● **Exercise details**:
Give the entries again exactly; drop the pictures.

● **Source information**:
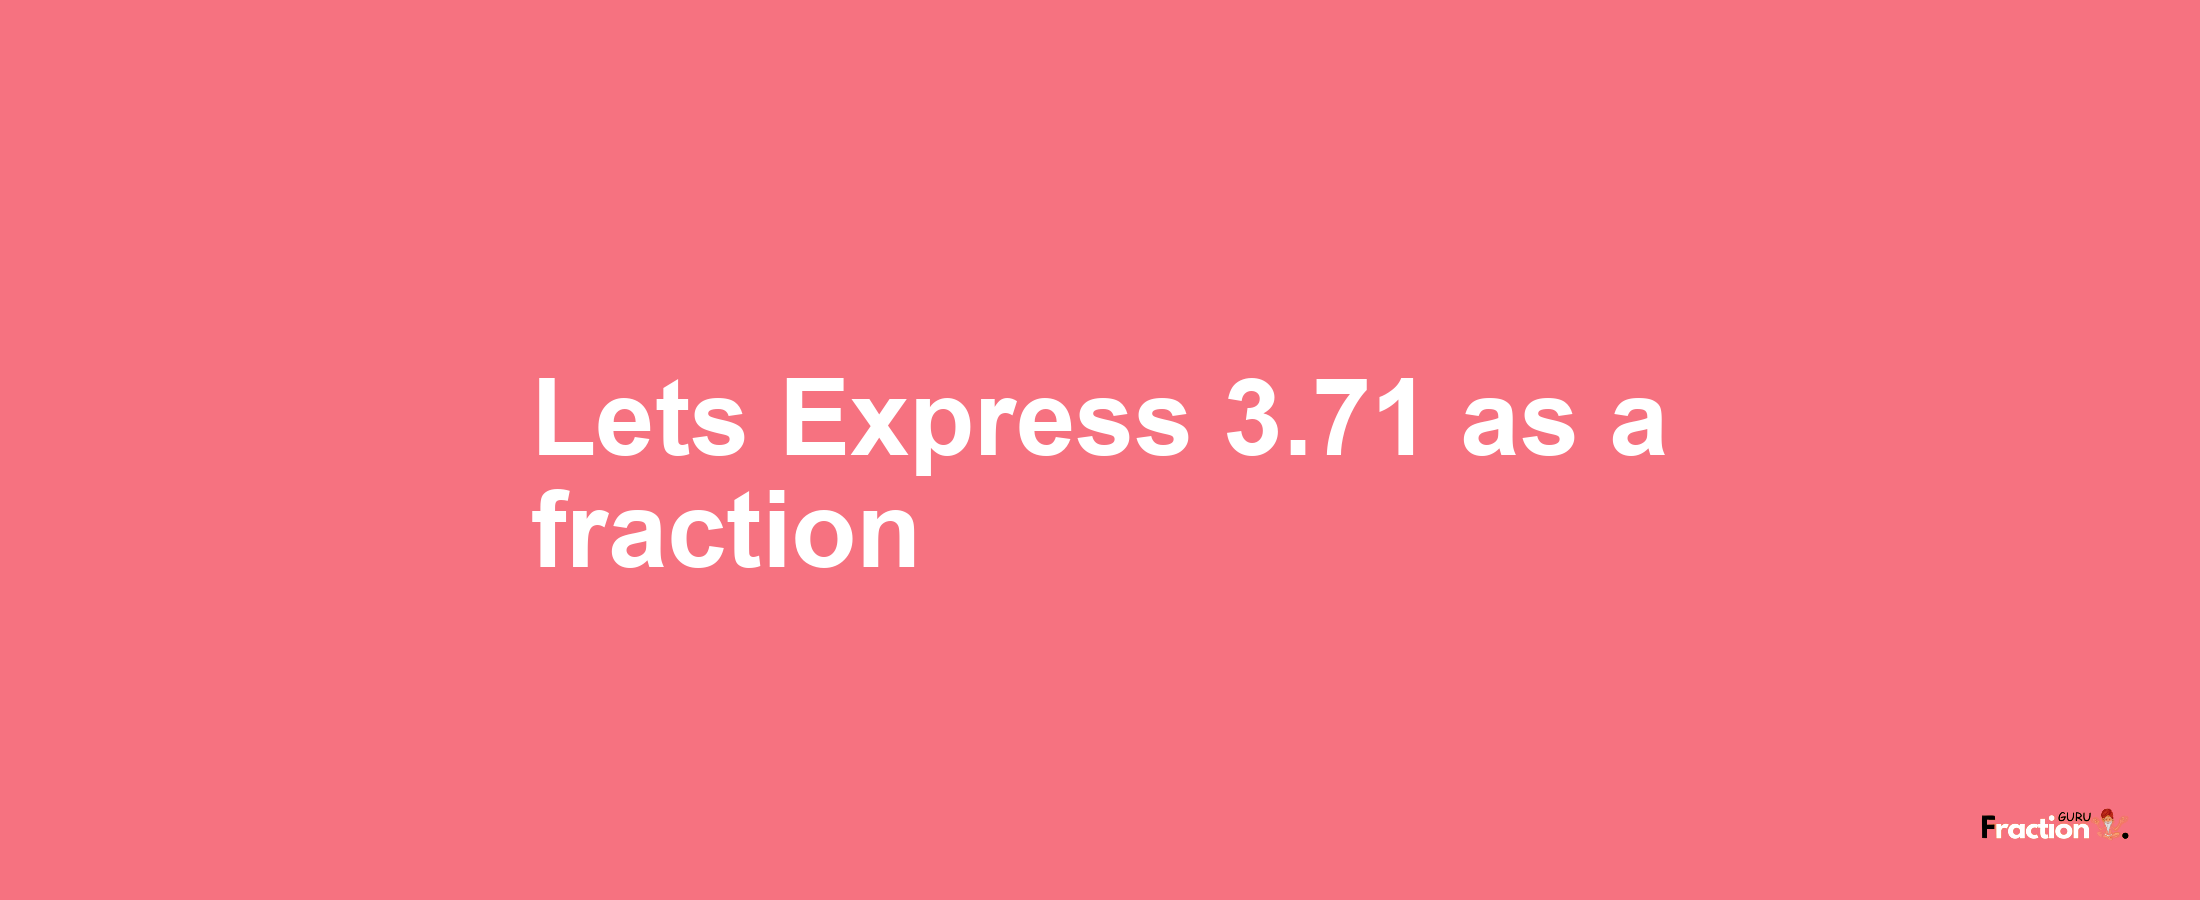 Lets Express 3.71 as afraction
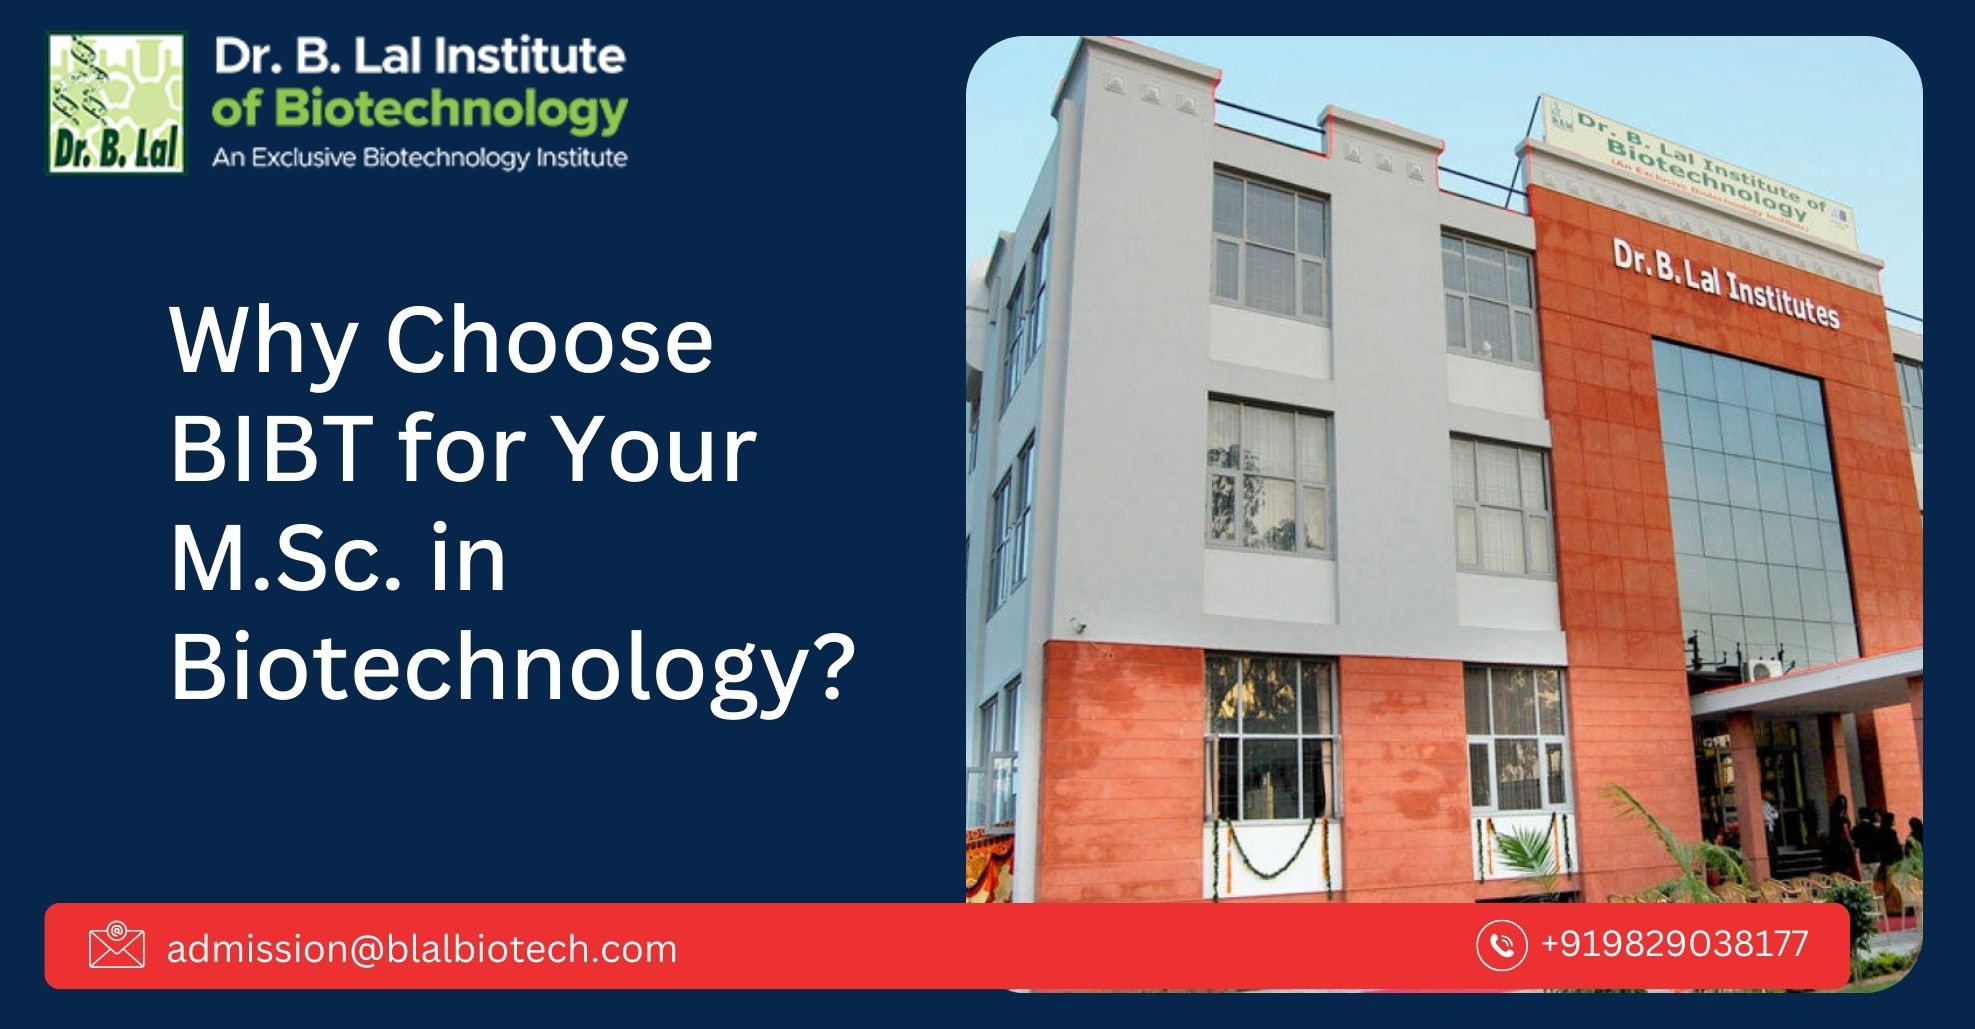 Why Choose BIBT for Your M.Sc. in Biotechnology?
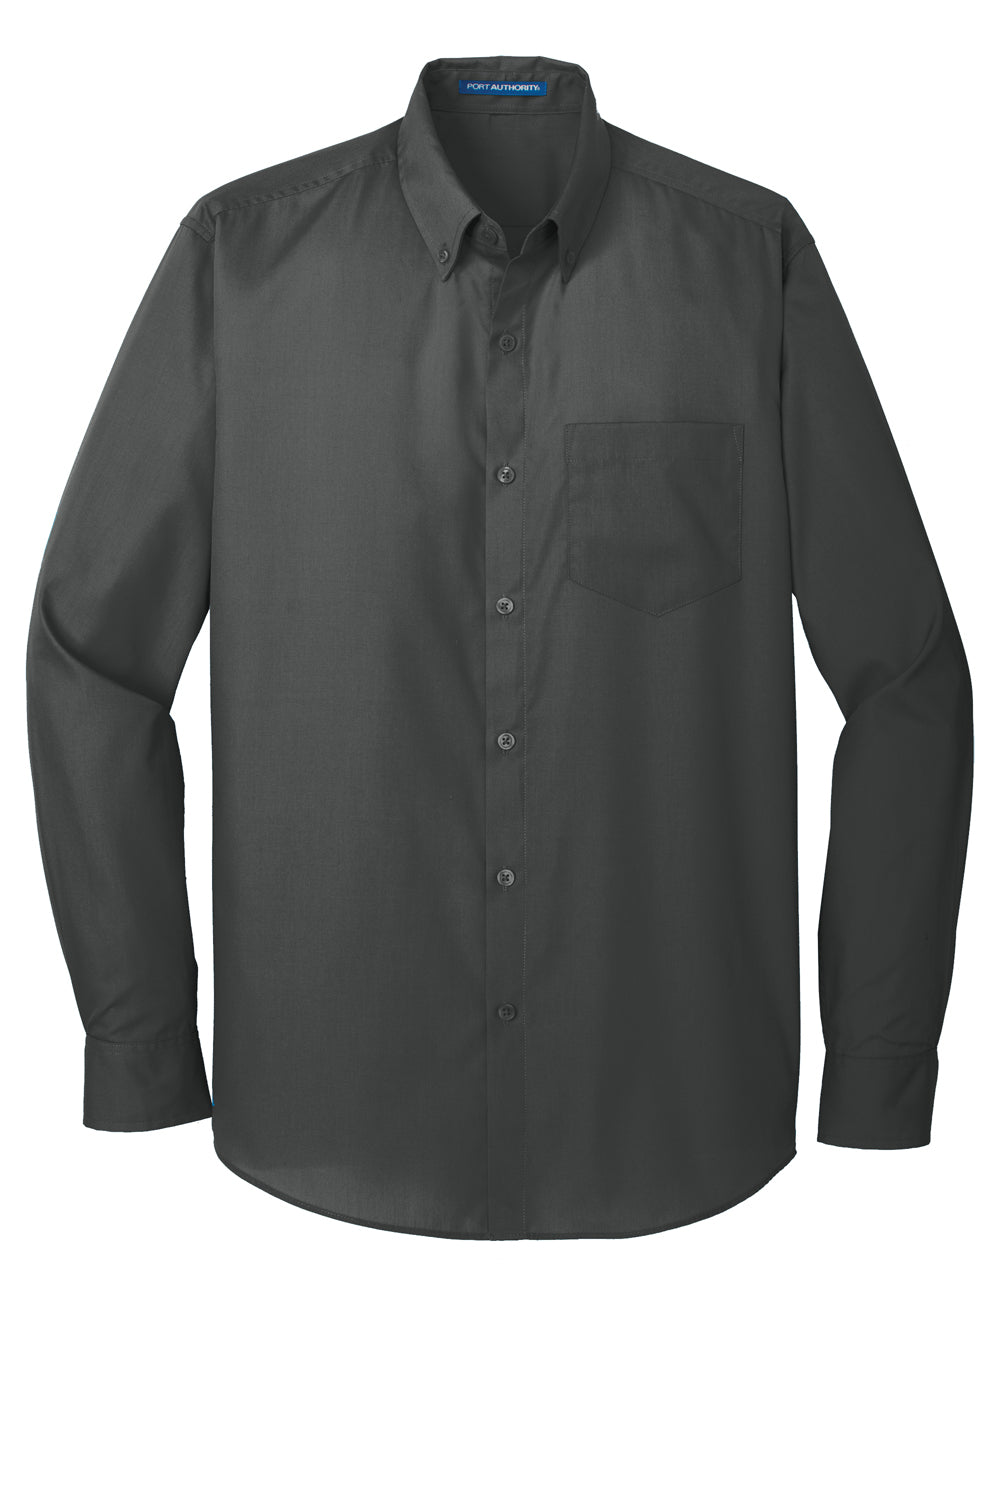 Port Authority W100/TW100 Carefree Stain Resistant Long Sleeve Button Down Shirt w/ Pocket Graphite Grey Flat Front
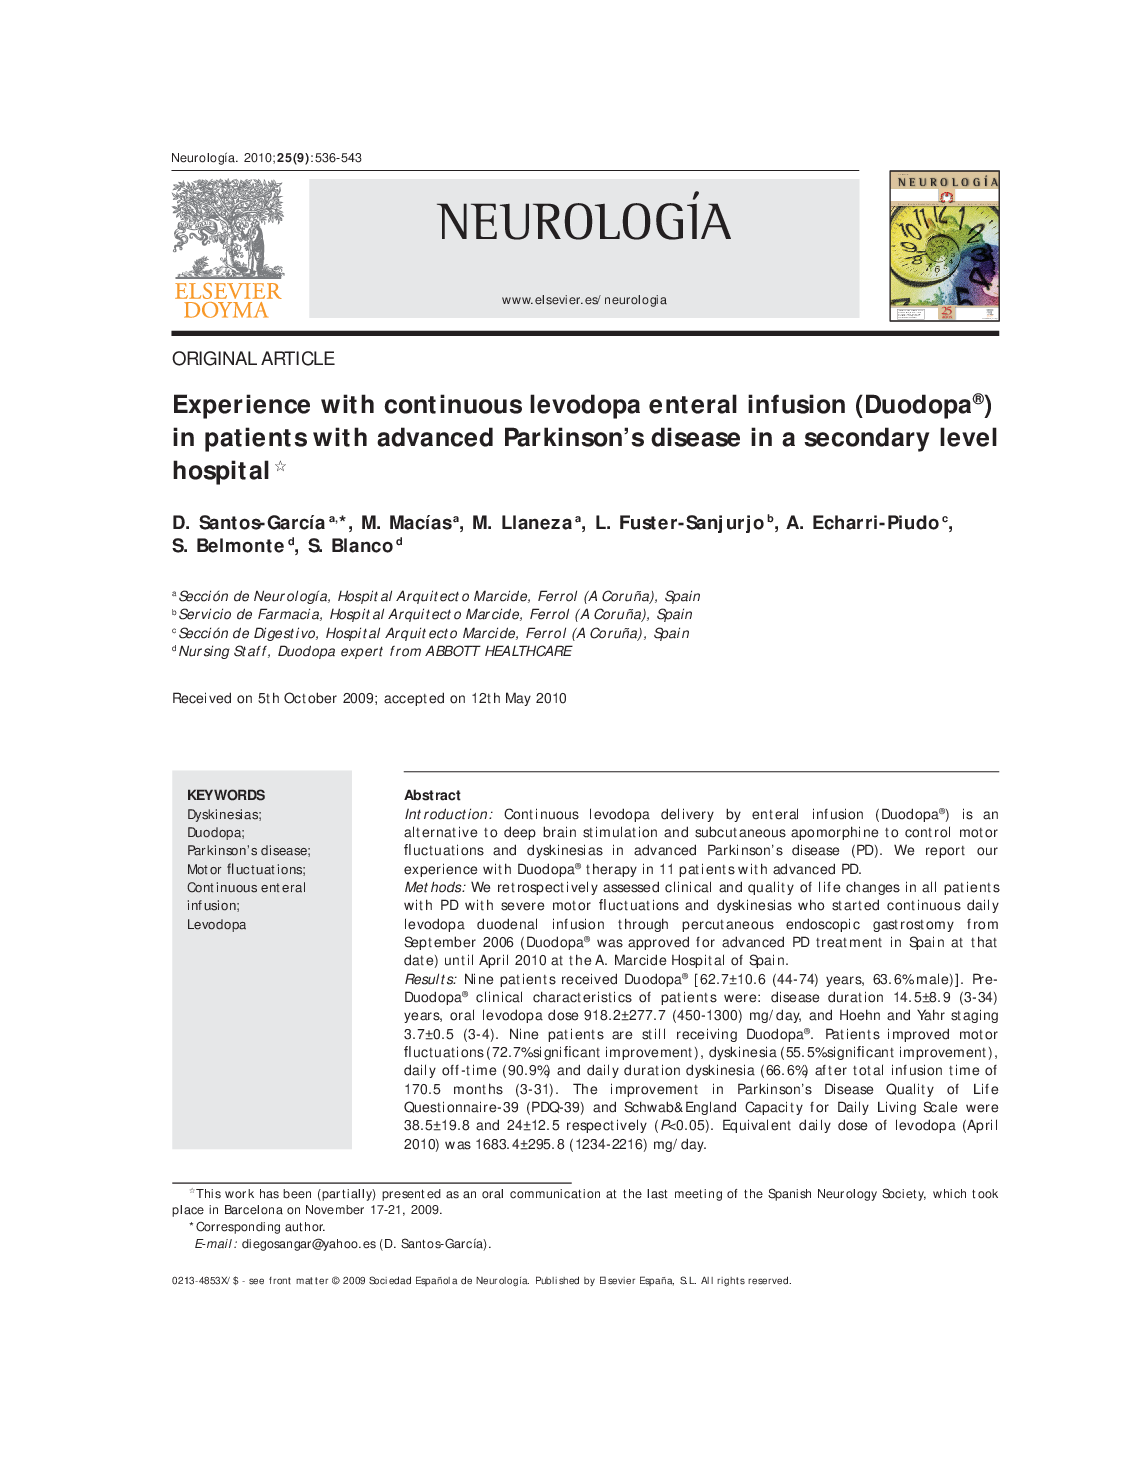 Experience with continuous levodopa enteral infusion (Duodopa®)in patients with advanced Parkinson's disease in a secondary level hospital 
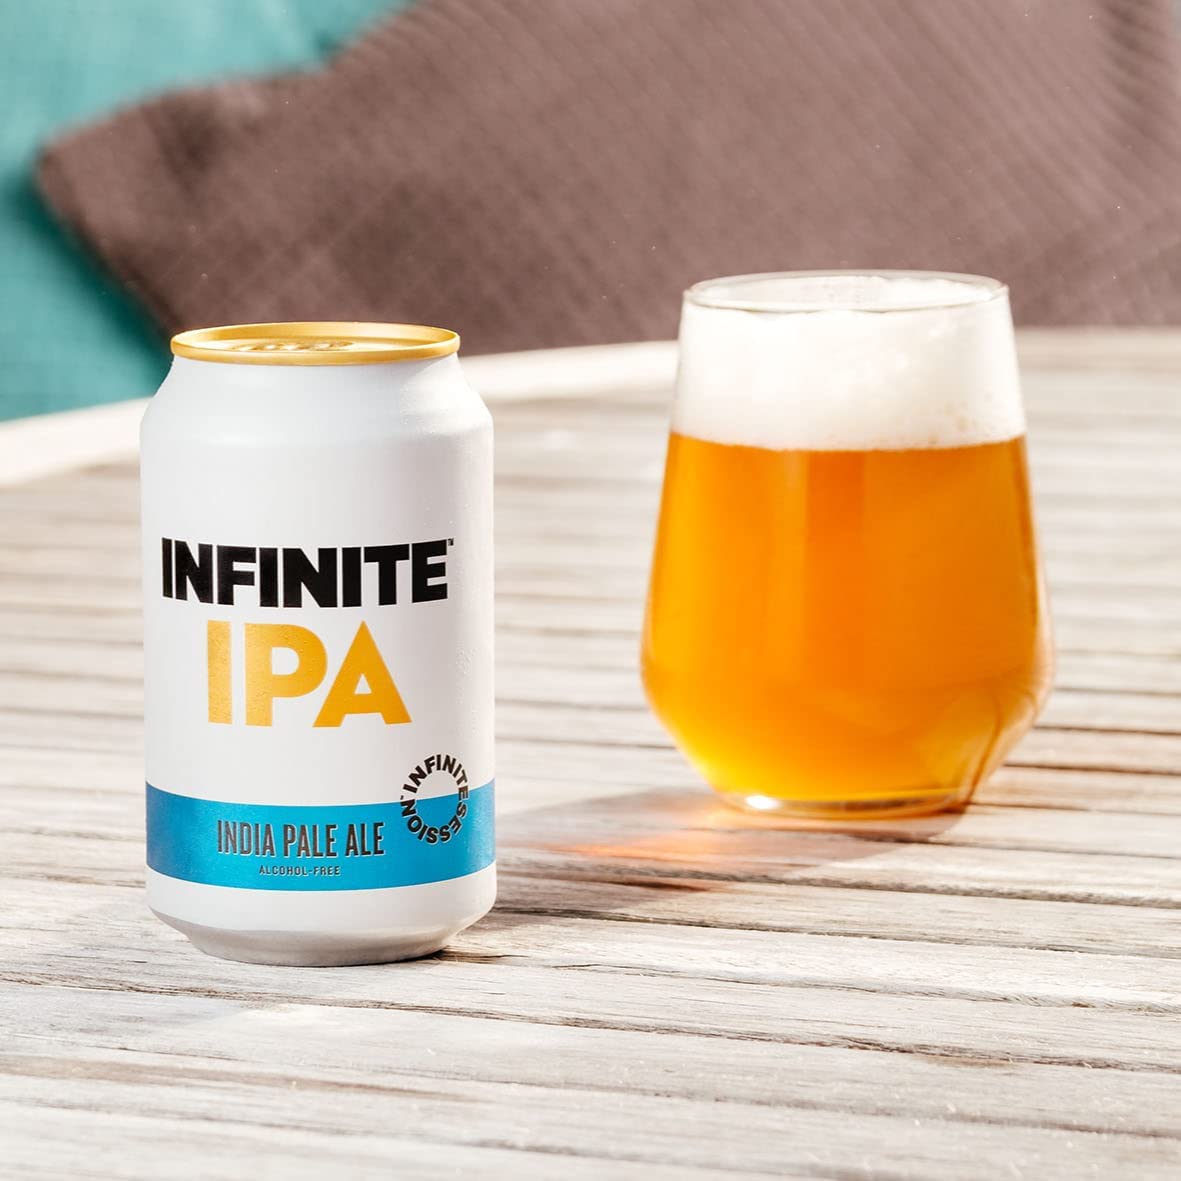 Infinite IPA alcohlol free can and glass filled with it

● **Exercise solution**:
 Lets Express 3.71 as afraction
 Why Choose BIBT for Your M.Sc. in Biotechnology?
 Port Authority W100/TW100 Carefree Stain Resistant Long Sleeve Button Down Shirt w/ Pocket Graphite Grey Flat Front
 Experience with continuous levodopa enteral infusion (Duodopa®)in patients with advanced Parkinson's disease in a secondary level hospital 
 Infinite IPA alcohlol free can and glass filled with it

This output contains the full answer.